The city is poetry for Marco Melfi
Marco Melfi said urban images — the kind you see from a bus window — lend themselves to poetry.
“I’ve always been drawn to cities, urban areas. I’m also a commuter, bus rider, train rider, so I’ve just always liked being in an urban setting, and exploring in those settings,” Melfi told Taproot.
His first book of poetry, Routine Maintenance, will officially launch at an event on June 14 hosted by Alice Major at Audreys Books. It’s already topped the Edmonton bestseller list.
Melfi said he carries a notebook when moving through the city to capture the images that will turn into poems. His day job, as a planner at the City of Edmonton, involves him observing people and things in urban spaces, too. “There’s definitely a link, because my interest in that urban life and cities drew me to urban planning,” Melfi said. “You just spend so much time walking around, talking about spaces, talking about places, always observing and documenting it, that ‘field study’ nature of it — they kind of started to merge.”
Melfi’s work departs from what might be commonly thought of as typically poetic subjects, like beauty or romantic love. Many of his poems are about the gritty, urban places and objects that can be found in Edmonton, like a faulty porch light, a parking stall puddle, or a strip mall sign.
“I flash on for pizza delivered next door. / I flash on as the avenue’s deadbolts tuck in,” Melfi writes in the voice of a porch light in The Faulty Porch Light. “Not trusting / I’m enough, my owner has tacked / a ‘No Trespassing’ sign to the front window.”
Another poem, Drive-Thru, is written from a fast-food worker’s perspective: “I heave the window open / for a brief breeze. Wafts of pollen / and exhaust greet the burnt beef / as cars queue for burgers and fries.”

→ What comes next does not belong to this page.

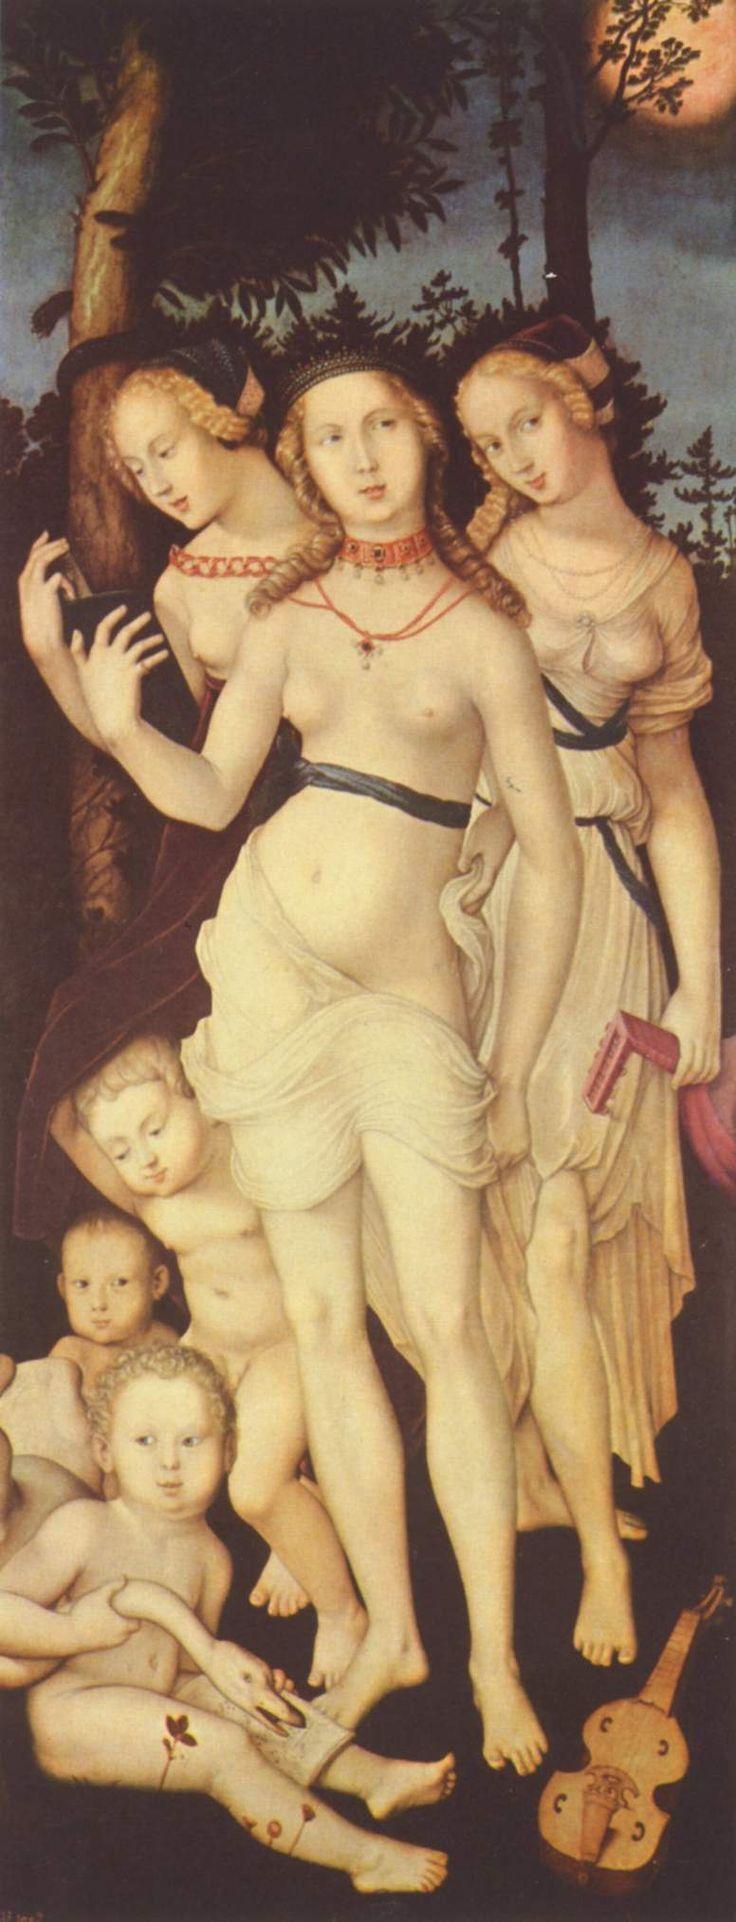 """37. harmony-or-the-three-graces-. En el grupo de dos tablas de Baldung en el Museo del Prado identificadas como """"las edades y la muerte"""" y """"las tres gracias"""" (o la armonía) compone un conjunto temático de carácter moralizante sobre la brevedad de la vida y los placeres mundanos que modifica el desnudo italiano tanto por encuadrarlo en un horizonte de significado diferente, como por el uso de unos cánones de proporciones diferentes."""

Melfi is currently part of the City of Edmonton team revamping the heritage places strategy. There’s a parallel between his job, where he helps shape what should be preserved, and his poems, where he notices and preserves little pieces of Edmonton in words.
“I have a poem about an apartment building in my neighborhood. I just liked walking by that apartment building, and I had to think, ‘Well, why do I like to do that?’ And it just offered a lot of sense of place,” he said. “I think my poems hopefully offer a sense of place, and my role as a planner is to foster or create or improve a sense of place.”
Observant Edmontonians will recognize references in Melfi’s work. “I know I’m no Spitfire podiumed / outside a warplane museum / or a welcome billboard at the city’s limits. / Neither am I a novelty — like the big baseball / bat that swings near Alberta Avenue,” Melfi writes in the voice of a sign in Plaza Sign Down.
“I appreciate the artifacts in our urban environments,” he said. “I think recognizing those artifacts and recognizing what they mean to our city connects to the work that I’m doing about our buildings or our places that matter to us and that we would try to keep or, you know, sometimes we lose them and want to honour them.”
Routine Maintenance, which also includes poems about soccer and yard work, is published by Gaspereau Press.